# DEFECTIVE  1970 CANADIAN CLUB BOTTLE WITH A SWING INSIDE BOTTLE



## GRACE ABOUND (Apr 21, 2021)

Every Now And Then A Blind Squirrel Finds An Acorn .. Today As I Was Working With my Bottles i Found An Old 1970 Canadian Club 40 oz. Bottle On The Top Shelf Rear .It Was Very Dusty It Had A Tax Stamp 1970  So As I Wiped The Bottle I Noticed Something Inside . Maybe A Wire Or Fishing Line Attached To Both Sides .NO It Was A Glass Thread Attached To Both Sides . Have A Look .


----------



## UncleBruce (Apr 21, 2021)

That is wild!


----------



## GRACE ABOUND (Apr 21, 2021)

UncleBruce said:


> That is wild!


Thanks Bruce For The Wow . Thats About All I could Say. I Have Seen  This Before In a Soft Drink Photo   .But I Never Thought I Would ever Own One . The Photos Came Out Good .


----------



## saratogadriver (Apr 22, 2021)

I've seen birdswings in older bottles.  They seem to happen with some frequency in umbrella inks for example, but I don't believe I've ever seen an ABM bottle with a bird swing.    

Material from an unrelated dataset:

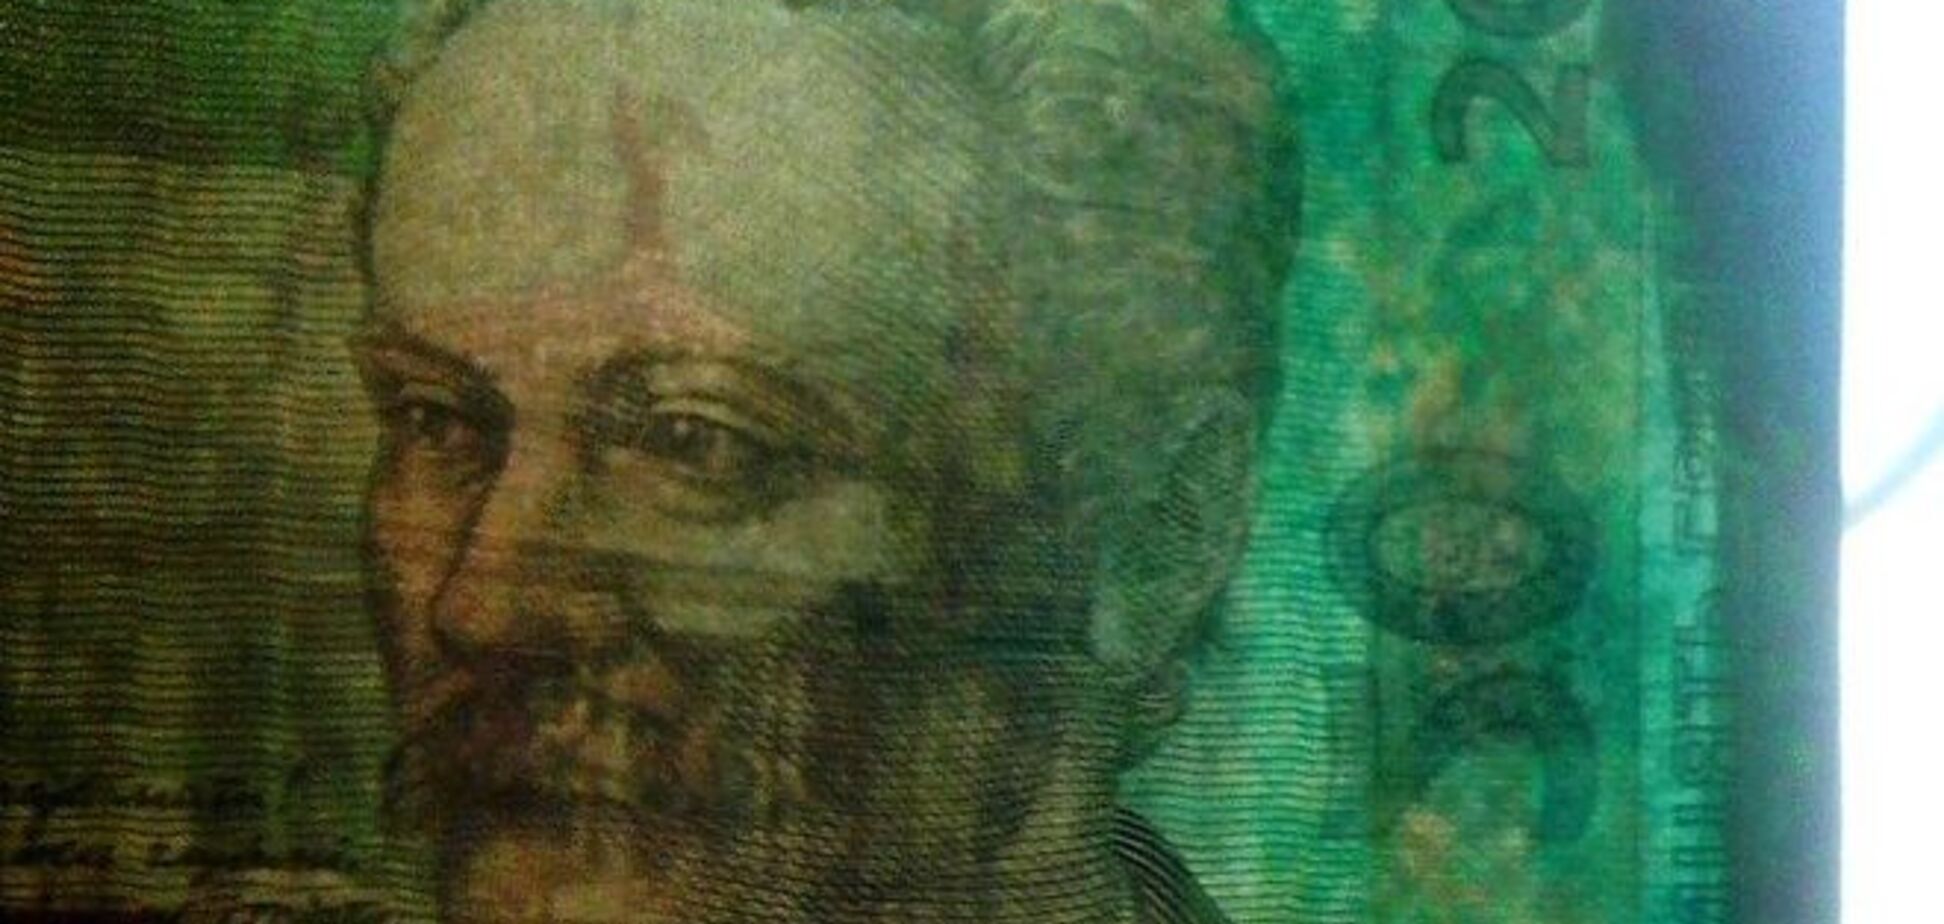 Отмывание денег: 'ополченцы' перекрасили меченые гривни - фотофакт

Lucky that sucker didn't break.    That would have been a particularly nasty shot of whiskey.

Jim G


----------



## GRACE ABOUND (Apr 22, 2021)

saratogadriver said:


> I've seen birdswings in older bottles.  They seem to happen with some frequency in umbrella inks for example, but I don't believe I've ever seen an ABM bottle with a bird swing.
> 
> Lucky that sucker didn't break.    That would have been a particularly nasty shot of whiskey.
> 
> Jim G


Thanks Jim For The Information, And Come back. That Would Have Been A Drink He Never Forgot.


----------